Caspase-3 activity assay
Using Beyotime C1115 Caspase 3 Activity Assay Kit (Beyotime, Nantong, China), the activity of caspase-3 was determined. Isolated proteins from transfected 5-8F or CNE-1 cells were added into 96-well plates with the reaction buffer (Invitrogen). Finally, caspase-3 activity was examined through a microplate reader (Thermo Fisher Scientific) at 405 nm.
Tunel assay
Transfected 5-8F or CNE-1 cells were incubated with fluorescein-labelled dUTP (Thermo Fisher Scientific). After that, the nucleus was stained by 0.3 mM of DAPI from Sigma-Aldrich. Through the fluorescence microscope (Leica, Mannheim, Germany), apoptotic cells were eventually analyzed.
Transwell assay
In serum-free medium, transfected 5-8F or CNE-1 cells were planted in the top transwell chambers (Corning Incorporated, Corning, NY, USA), which was coated with Matrigel (BD Biosciences, Franklin Lakes, NJ, USA). The bottom chambers (Corning Incorporated) were plated with medium containing 10% FBS (Gibco). Thereafter, invaded cells were fixed, stained with 1% crystal violet and eventually evaluated through an inverted microscope (magnification: 200 × ; Nikon, Tokyo, Japan).

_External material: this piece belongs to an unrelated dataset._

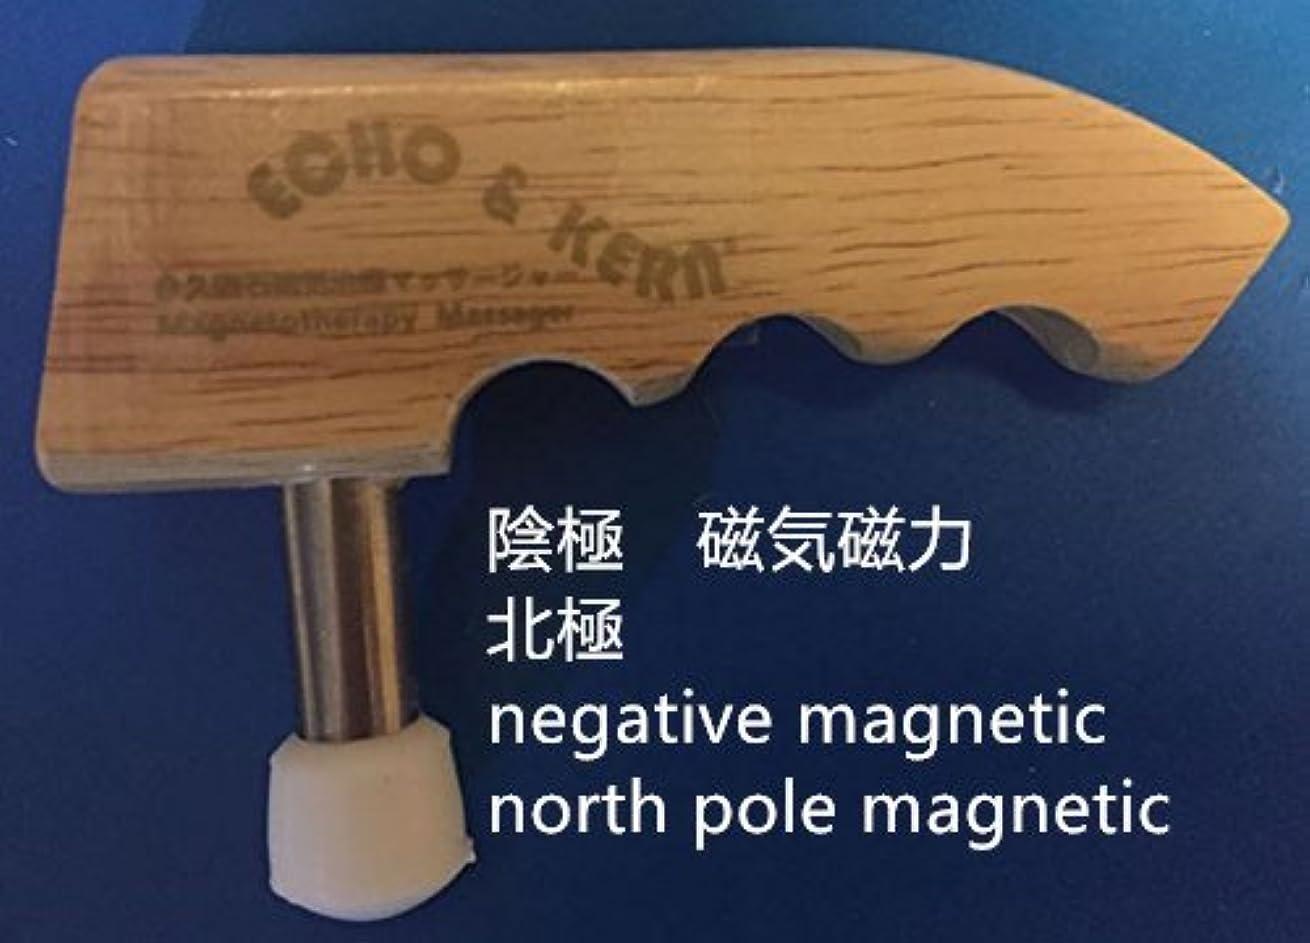 く肉腫パトロンMagnetic T shape acupuncture tool, north pole、negative (magnetotherapy)Echo & Kern 木のハンドル排酸棒,陰極磁気棒,陰極磁力排酸棒北極磁気...

Immunofluorescence (IF) assay
Cell samples of 5-8F and CNE-1 on culture slides were incubated for 24 h until adhered to the slides. After that, cells were washed in PBS, fixed by ice-cold methanol for 10 min and blocked in 5% BSA for 10 min. The primary antibodies against E-cadherin and N-cadherin, as well as the secondary antibodies were utilized for the incubation with cells. Following DAPI staining (0.3 mM), cells were observed using fluorescence microscope (Leica).
Western blotting
Total protein samples from 5-8F or CNE-1 cells were extracted in RIPA lysis buffer, and then separated by electrophoresis on 12% SDS-PAGE (Bio-Rad Laboratories, Hercules, CA, USA). Protein samples were then transferred onto PVDF membranes (Bio-Rad Laboratories) and incubated in 5% nonfat milk for blocking membranes. The diluted primary antibodies (1: 2000; Abcam, Cambridge, MA), including mouse monoclonal anti-E-cadherin antibody (ab76055), rabbit monoclonal anti-N-cadherin antibody (ab202030), mouse monoclonal anti-NR4A2 antibody (ab41917) and mouse monoclonal anti-GAPDH antibody (ab8245) as loading control, were used to probe membranes all night at 4 °C. Following washing in Tris-buffered saline containing 0.1% Tween-20 (TBST), the horse-radish peroxidase (HRP)-tagged rabbit monoclonal secondary antibodies (1: 5000; Abcam) against IgG were added for 2 h at room temperature. At length, the protein blots were observed using ECL detection system (Santa Cruz, CA, USA) in the dark, and then placed into gel imager, followed by analysis of Bio-Rad image analysis system (Bio-Rad). The gray values of the target proteins and the internal control were compared employing the Image J software (NIH, Bethesda, MD, USA).
Subcellular fractionation
Using the nuclear/cytoplasmic Isolation Kit (Biovision, San Francisco, CA, USA), subcellular fractionation in 5-8F or CNE-1 cells was carried out as instructed. Cells were initially lysed in the cell fractionation buffer, and centrifuged for the separation of cytosolic and nuclear fractions. The supernatant was transferred into a fresh RNase-free tube. Thereafter, the remaining lysates were rinsed in cell fractionation buffer and centrifuged. The cell disruption buffer was added for lysing cell nuclei. Lysates and the supernatant were mixed in 2 × lysis/binding solution, equal volume of ethanol was added. After washing, TRIzol reagent was added to isolate RNAs. Finally, the expression ratios of MSC-AS1 were determined by RT-qPCR, with U6 and GAPDH used as the control for nuclear RNA and cytoplasmic RNA.
RNA FISH
The specific RNA FISH probe to MSC-AS1 was synthesized by Ribobio Company. Cells of CNE-1 and 5-8F were fixed by 4% formalin, treated with protease K at 37 °C, and then rinsed in PBS. Cells were dehydrated in ethanol. 20 μl of hybridization solution containing 2 μl of probe and 18 μl of pre–hybridization solution was prepared to incubate with cells all night at 42 °C. Afterwards, cells were rinsed twice in 25% formamide/2 × saline sodium citrate (SSC). DAPI solution (0.3 mM) was then added for nuclear counter-staining. Samples were observed under fluorescence microscope.
Microarray
54 miRNAs potentially bound to MSC-AS1 were obtained from starBase. The expressions of 54 miRNAs were detected by PCR in three pairs of adjacent normal tissues and NPC tissues. Differentially expressed miRNAs (P < 0.05 and fold change > 2.0) were picked for follow-up analyses, among which miR-524-5p was most significantly down-regulated.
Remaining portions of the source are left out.